New York: Harper & Brothers Publishers, 1869. Original Edition. Hardcover. Brown cloth/boards. Elaborate gilt decoration and lettering on spine; gilt image, banner, and lettering on front cover. xii, 292, [6] pp. with bw frontis and additional bw illustrations and plates. Good. Gilt still fresh, but covers have some soiling, bumps to spine and corners; one signature detached and laid in, and binding is loosening a bit at other spots; former owner's name and contemporary sticker (perhaps the bookseller) on fep. Item #159242

Paul Belloni Du Chaillu was a French-American traveler, zoologist, and anthropologist. He became famous in the 1860s as the first modern European outsider to confirm the existence of gorillas, and later the Pygmy people of central Africa. There are two aspects which makes du Chaillu’s books so unique and delightful for young people. First, is that he is an eyewitness to all that he reports on, rather than an interpreter of other's tales.
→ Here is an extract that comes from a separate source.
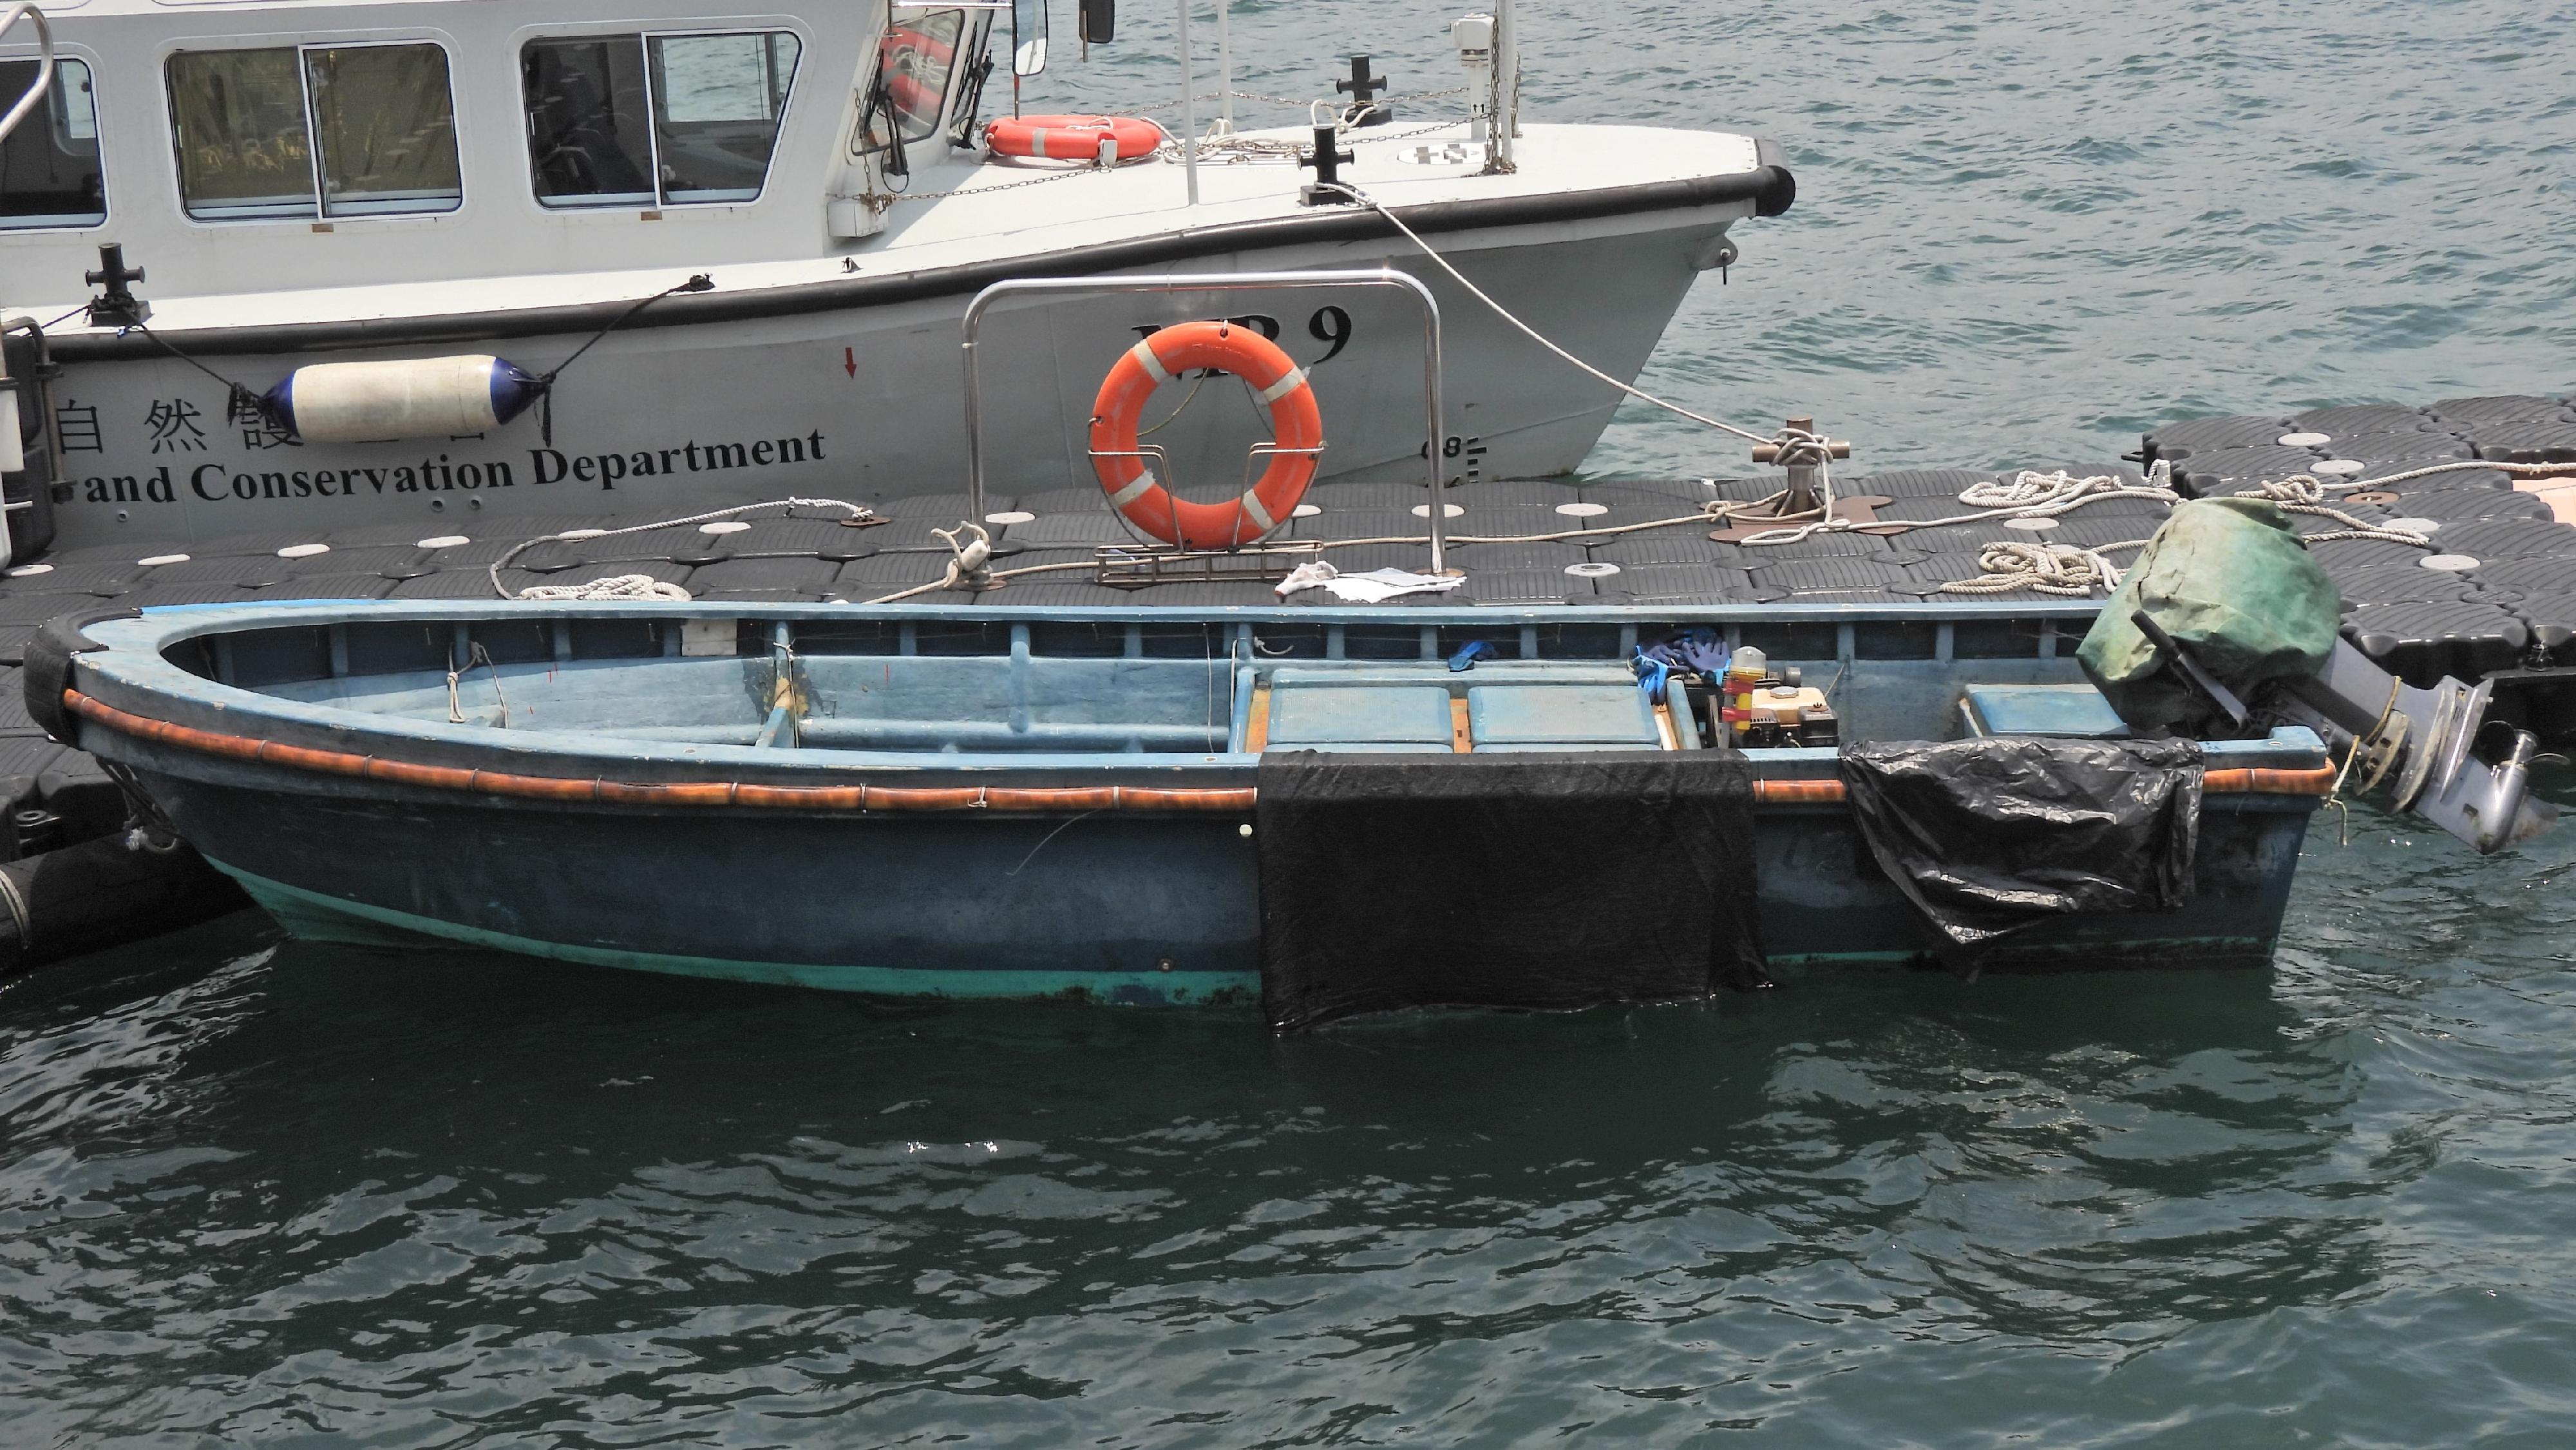 Three Mainland fishermen deckhands who breached the Fisheries Protection Ordinance (Cap. 171) by engaging in illegal fishing earlier in waters near Clear Water Bay in eastern Hong Kong, were convicted today (May 22). Photo shows the fishing vessel.

Second, he appears to have been motivated entirely by love of adventure and curiosity. Because of the drama and entertainment value of his accounts, du Chaillu was better known as a story teller than as a serious historian, although his scholarship and contributions to the fields of geology, zoology, and anthropology, were no less than first rate. Some have claimed that he was the inspiration for the character Tarzan, and it is obvious that Burroughs was at least passing familiar with his work. Based on some of du Chaillu's accounts of his pet chimpanzees, a case could even be made that he was an inspiration for the authors of Curious George.